Partition settings cannot be updated on a pre-existing table, if these options are required then a new table must be created.

Clustering will not need to create or modify a table when adding clustering options, this will be updated automatically.

Configuring Cross-Platform BigQuery Setup

When defining a specific BigQuery project ID, a manual step to set up permissions is required:

  1. Navigate to https://console.cloud.google.com/iam-admin/iam?project=${param:BIGQUERY_PROJECT_ID}
  2. Add the BigQuery Data Editor role to the following service account: ext-${param:EXT_INSTANCE_ID}@${param:PROJECT_ID}.iam.gserviceaccount.com.

(Optional) Import existing documents

If you chose not to automatically import existing documents when you installed this extension, you can backfill your BigQuery dataset with all the documents in your collection using the import script.

If you don't either enable automatic import or run the import script, the extension only exports the content of documents that are created or changed after installation.

The import script can read all existing documents in a Cloud Firestore collection and insert them into the raw changelog table created by this extension. The script adds a special changelog for each document with the operation of IMPORT and the timestamp of epoch. This is to ensure that any operation on an imported document supersedes the IMPORT.

Warning: Make sure to not run the import script if you enabled automatic backfill during the extension installation, as it might result in data loss.

Important: Run the import script over the entire collection after installing this extension, otherwise all writes to your database during the import might be lost.

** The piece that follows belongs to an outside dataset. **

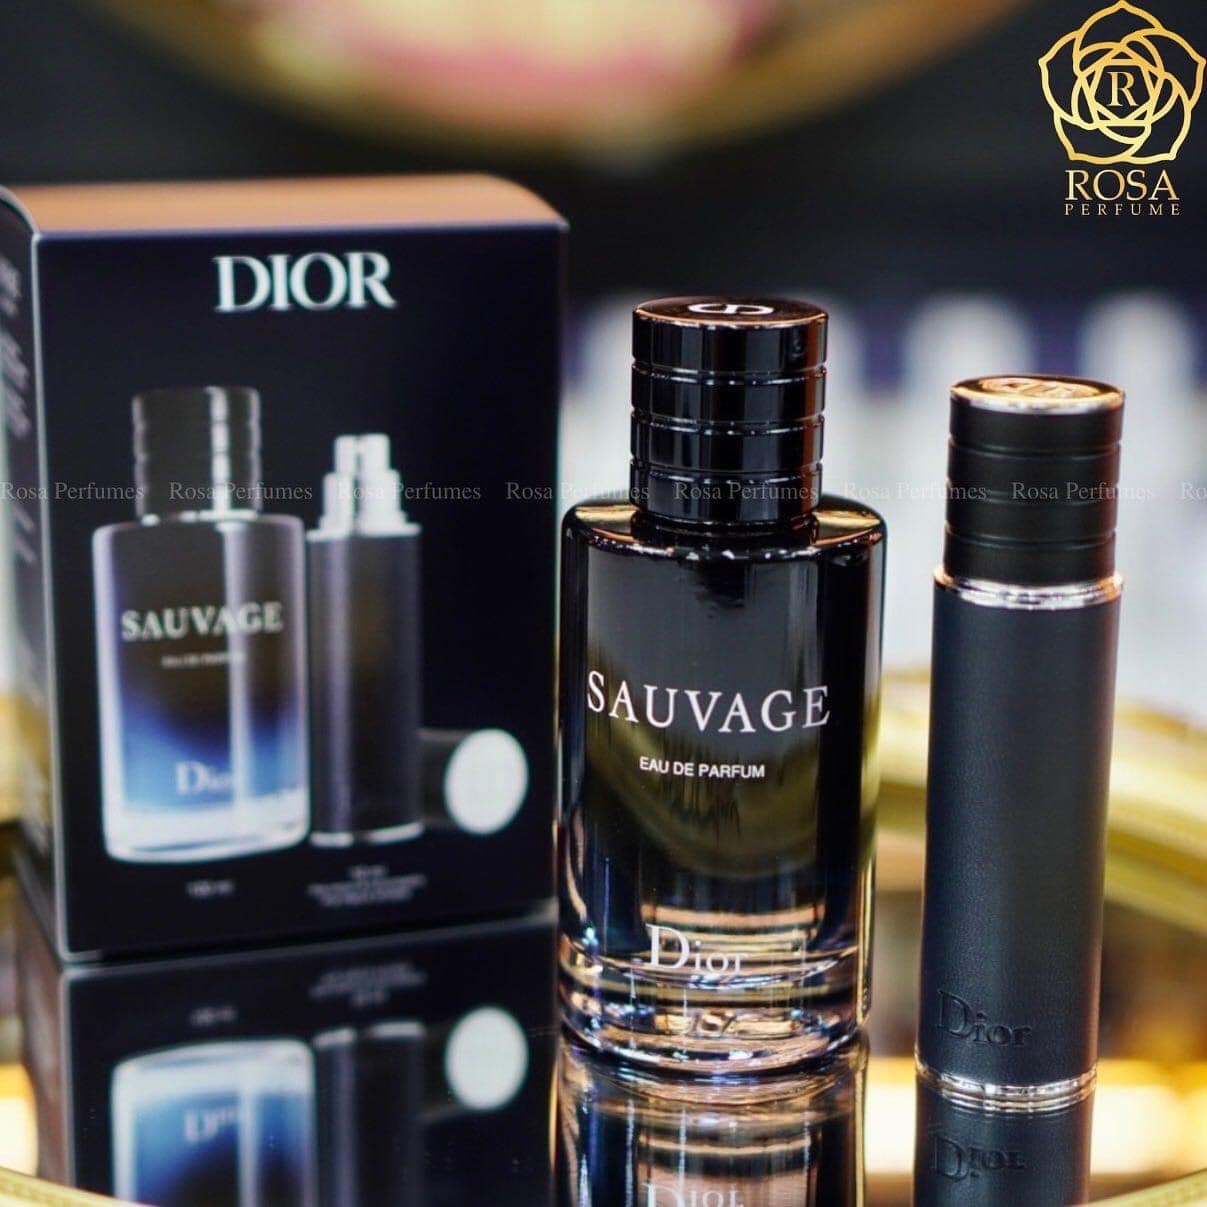 Dior Sauvage EDP Gift Set 4 - Nuochoarosa.com - Nước hoa cao cấp, chính hãng giá tốt, mẫu mới

Learn more about using the import script to backfill your existing collection.

(Optional) Generate schema views

After your data is in BigQuery, you can use the schema-views script (provided by this extension) to create views that make it easier to query relevant data. You only need to provide a JSON schema file that describes your data structure, and the schema-views script will create the views.

Learn more about using the schema-views script to generate schema views.

Monitoring

As a best practice, you can monitor the activity of your installed extension, including checks on its health, usage, and logs.